*DIRECTIONS FOR THIS TASK*:
The pictures get dropped, while every remaining part of the listing is copied exactly.
==== DATA BELOW ====
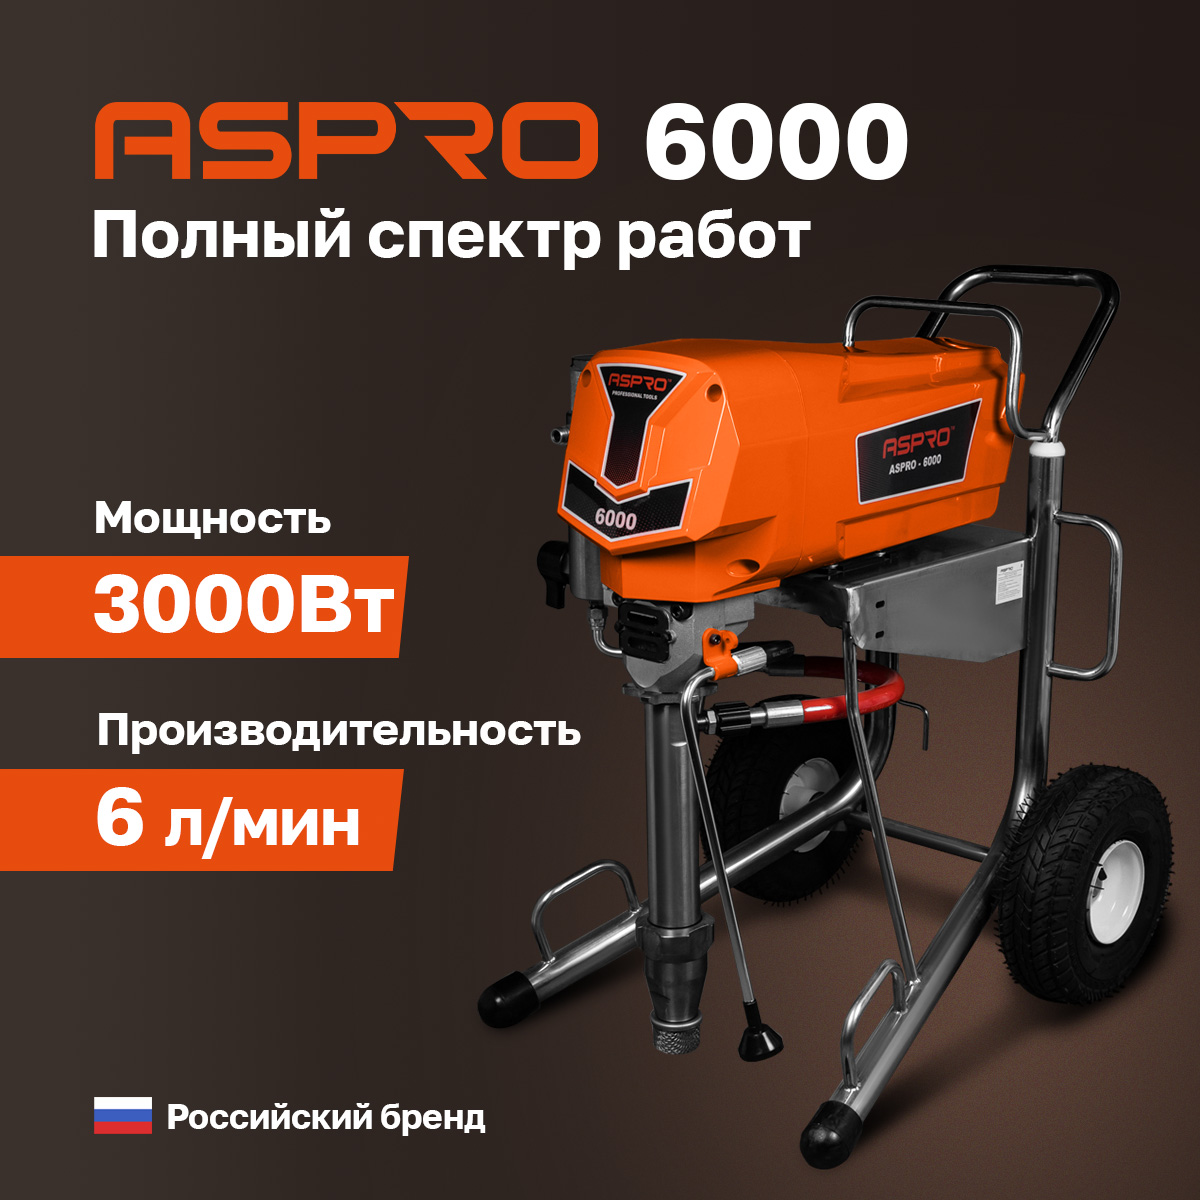 Окрасочный аппарат ASPRO-6000® окрасочный аппарат aspro 6000®
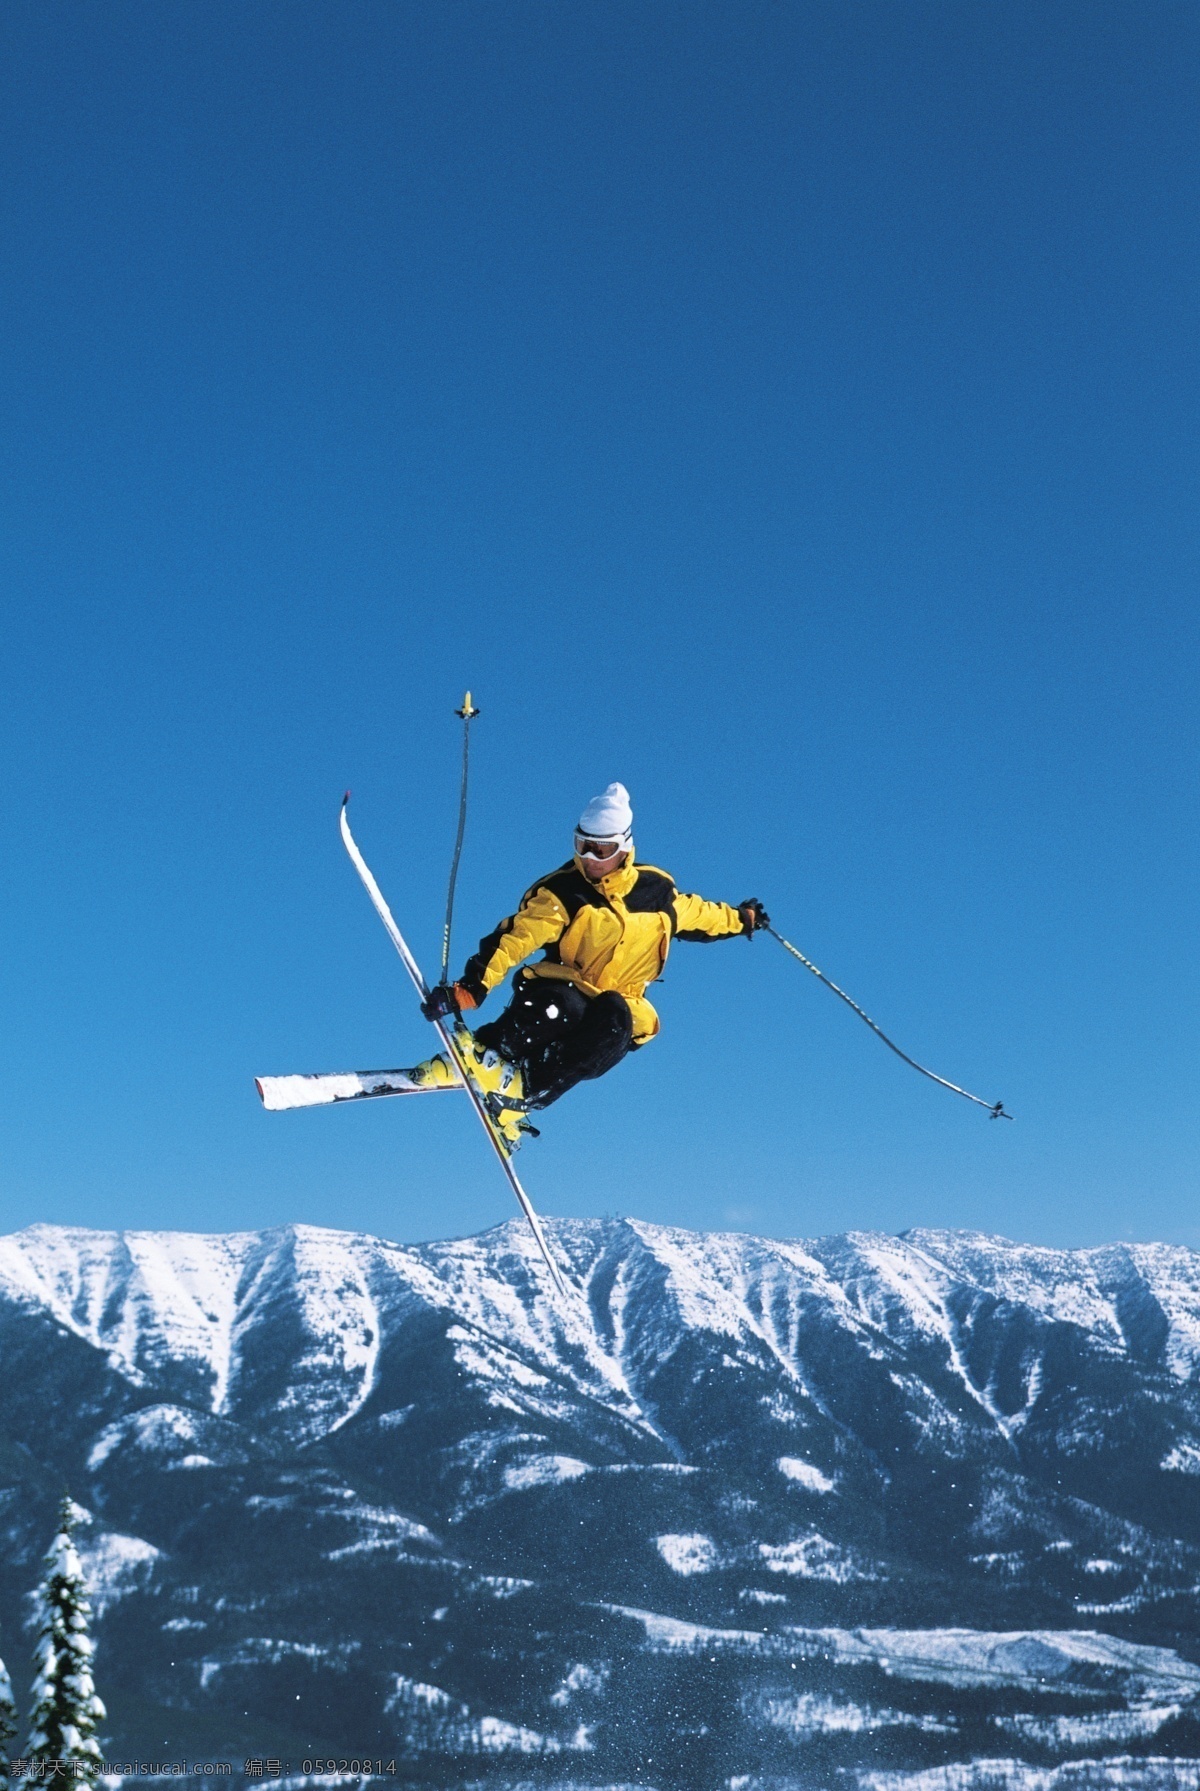 腾空 飞跃 滑雪 运动员 冬天 雪地运动 划雪运动 极限运动 体育项目 运动图片 生活百科 雪山 美丽 雪景 风景 摄影图片 高清图片 滑雪图片
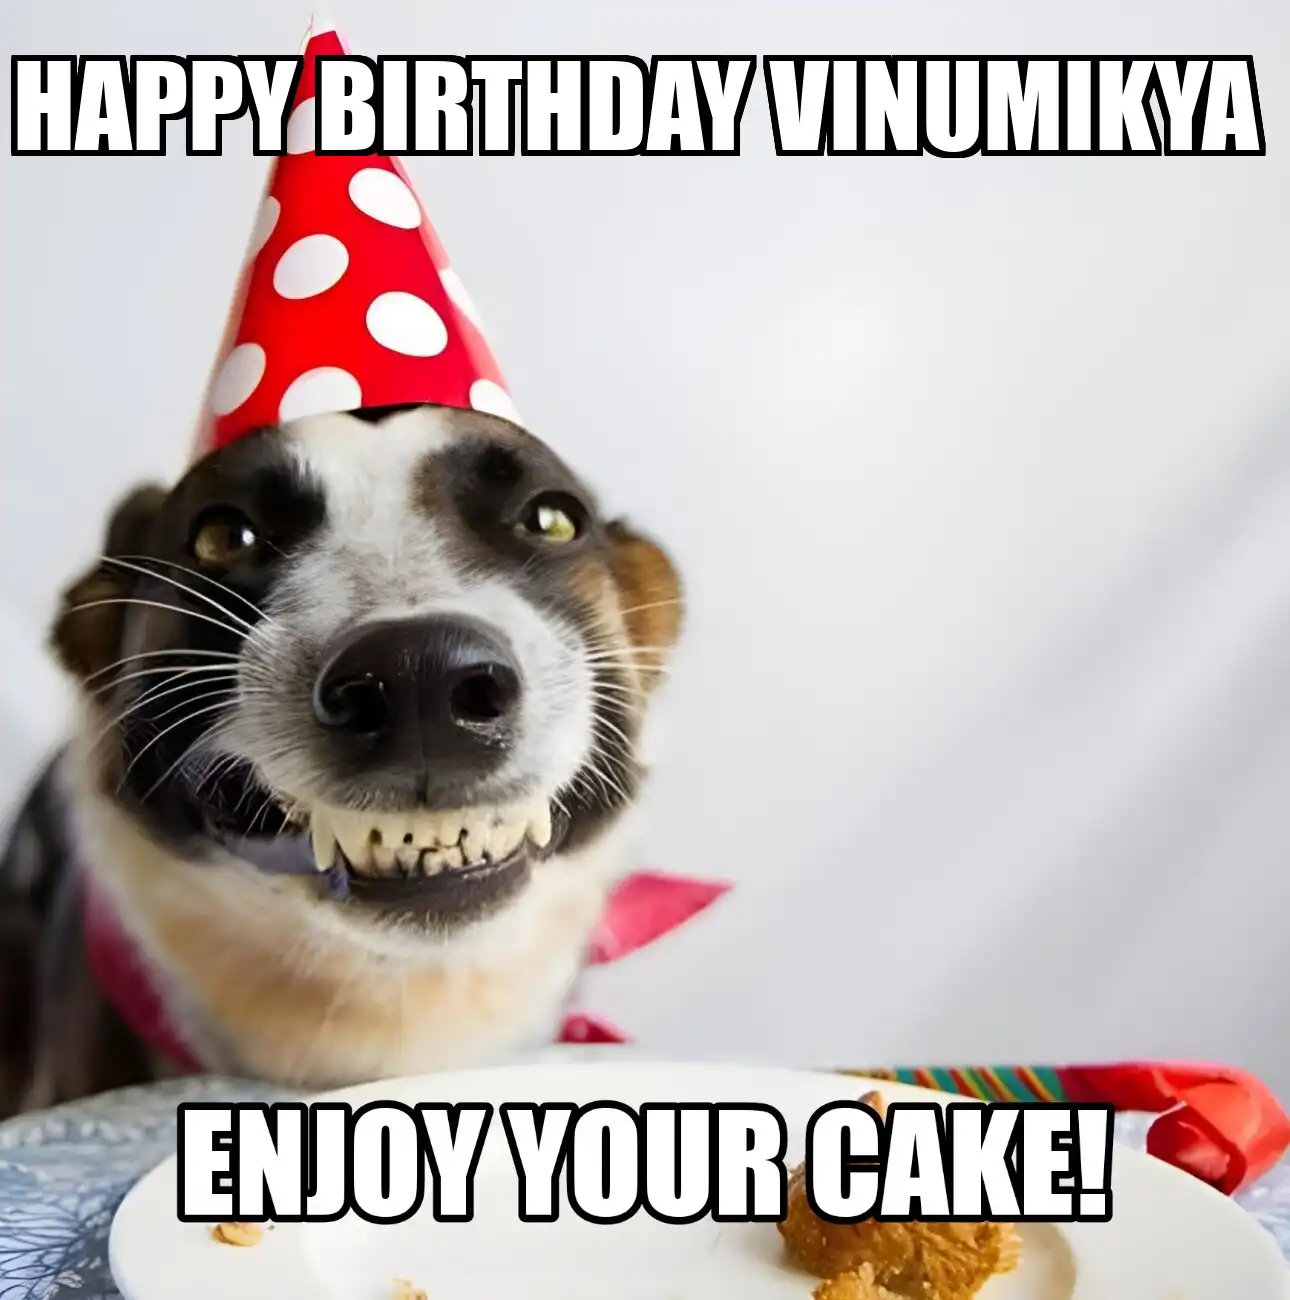 Happy Birthday Vinumikya Enjoy Your Cake Dog Meme
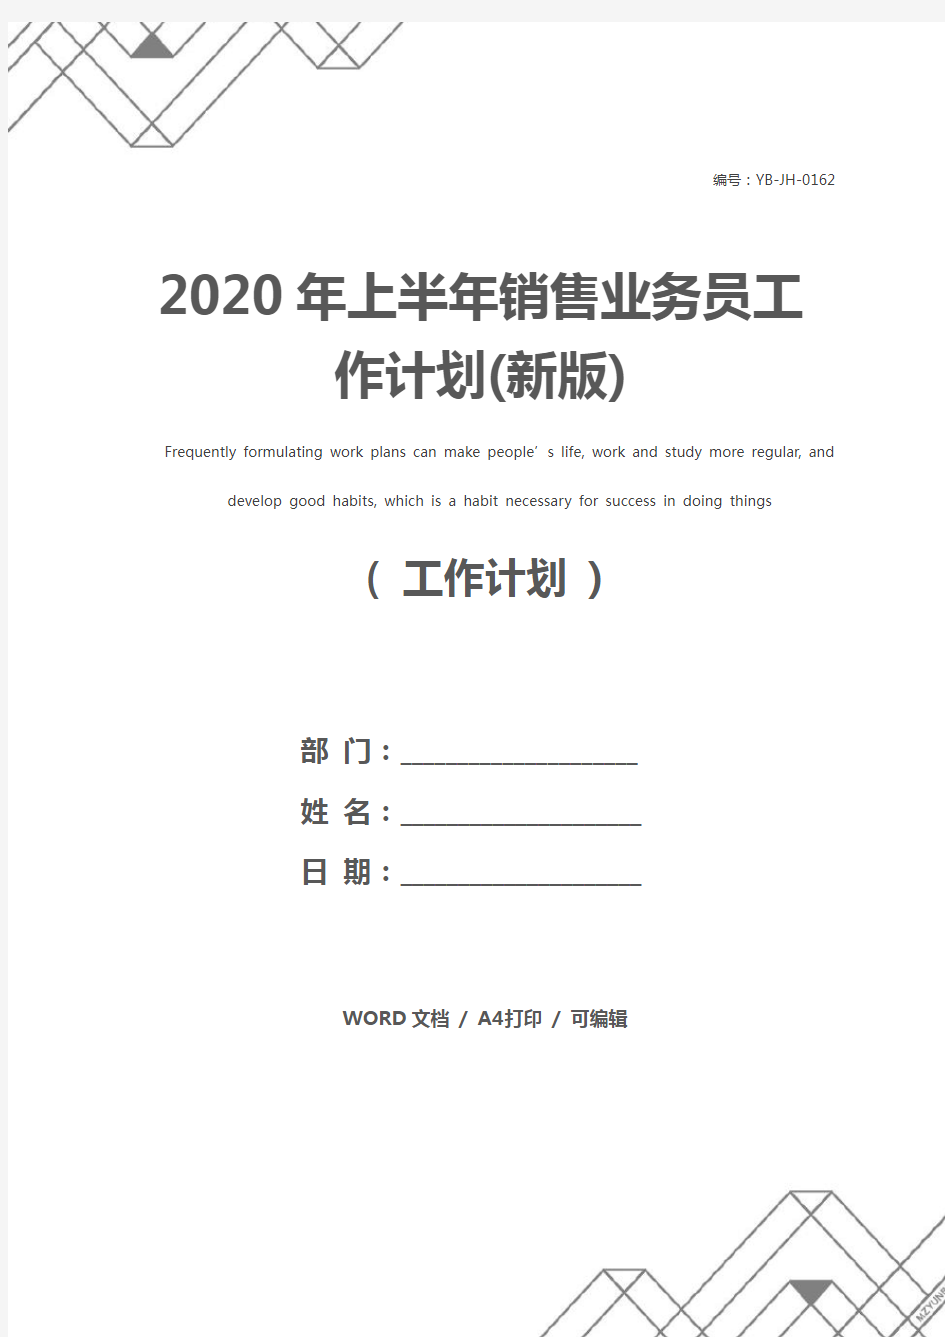 2020年上半年销售业务员工作计划(新版)
====
*ANSWER SPACE*:
 Окрасочный аппарат ASPRO-6000® окрасочный аппарат aspro 6000®
 腾空 飞跃 滑雪 运动员 冬天 雪地运动 划雪运动 极限运动 体育项目 运动图片 生活百科 雪山 美丽 雪景 风景 摄影图片 高清图片 滑雪图片
 Happy Birthday Vinumikya Enjoy Your Cake Dog Meme
 2020年上半年销售业务员工作计划(新版)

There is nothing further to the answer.